[Data provided — start]

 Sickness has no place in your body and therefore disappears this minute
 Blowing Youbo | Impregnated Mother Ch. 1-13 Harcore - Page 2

[Data provided — finish]
[Data provided — start]

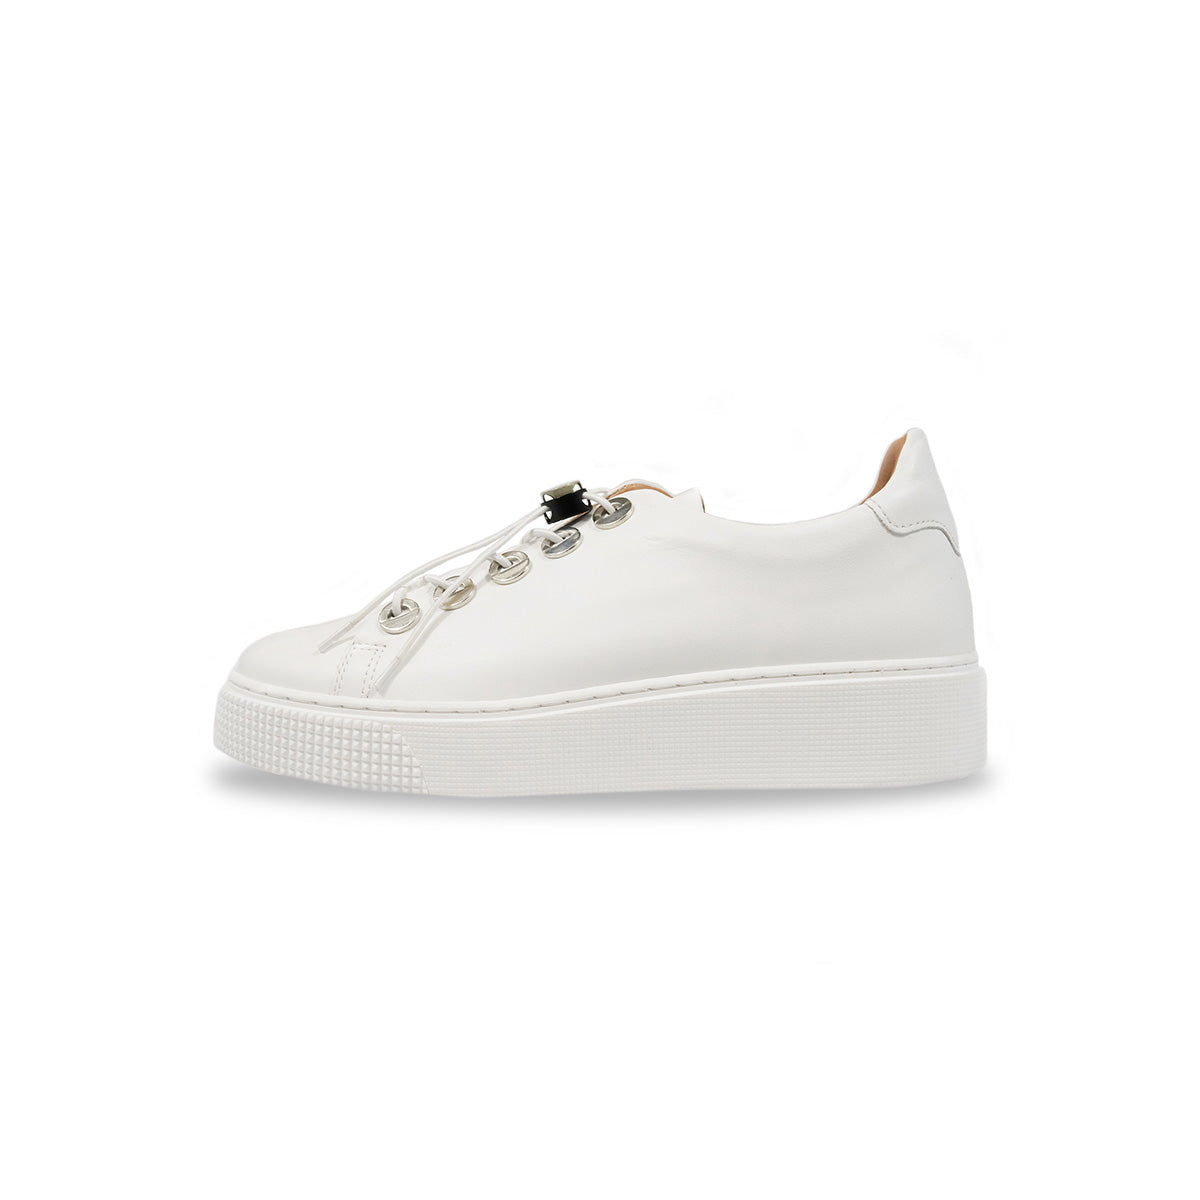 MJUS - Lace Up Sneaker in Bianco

[Data provided — finish]
[Data provided — start]

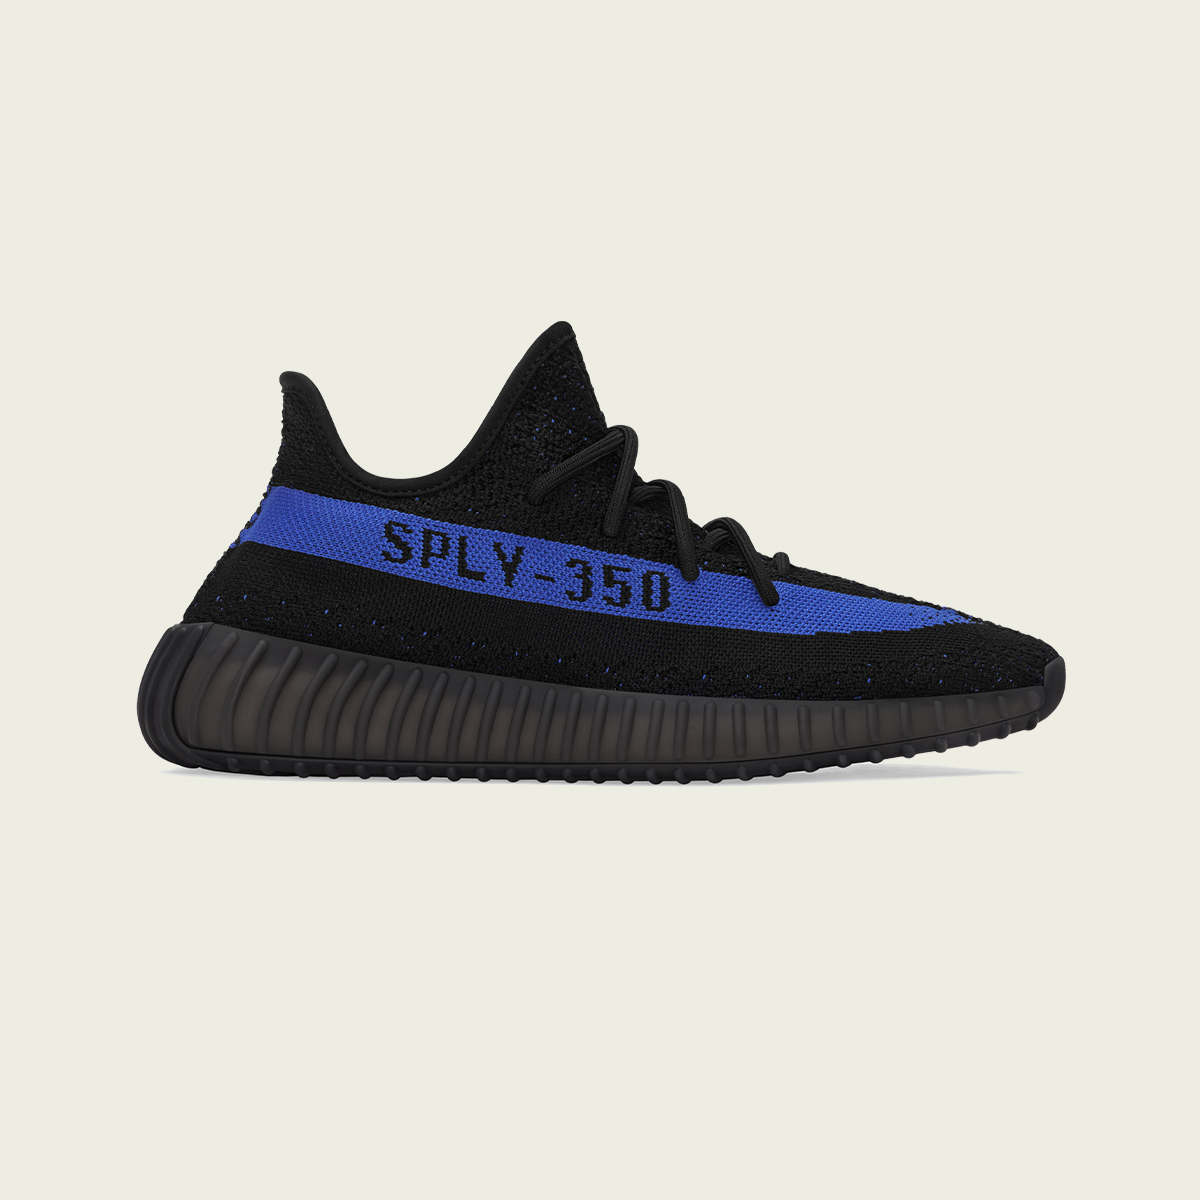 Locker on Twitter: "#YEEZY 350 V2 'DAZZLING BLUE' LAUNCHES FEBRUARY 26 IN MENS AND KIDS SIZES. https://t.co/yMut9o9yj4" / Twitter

[Data provided — finish]

Work task:
Transcribe the records above exactly, beginning at the line that contains "Sickness has no" and ending with the line that contains "Blowing Youbo |", both included, and nothing else.

Response to the exercise:
 Sickness has no place in your body and therefore disappears this minute
 Blowing Youbo | Impregnated Mother Ch. 1-13 Harcore - Page 2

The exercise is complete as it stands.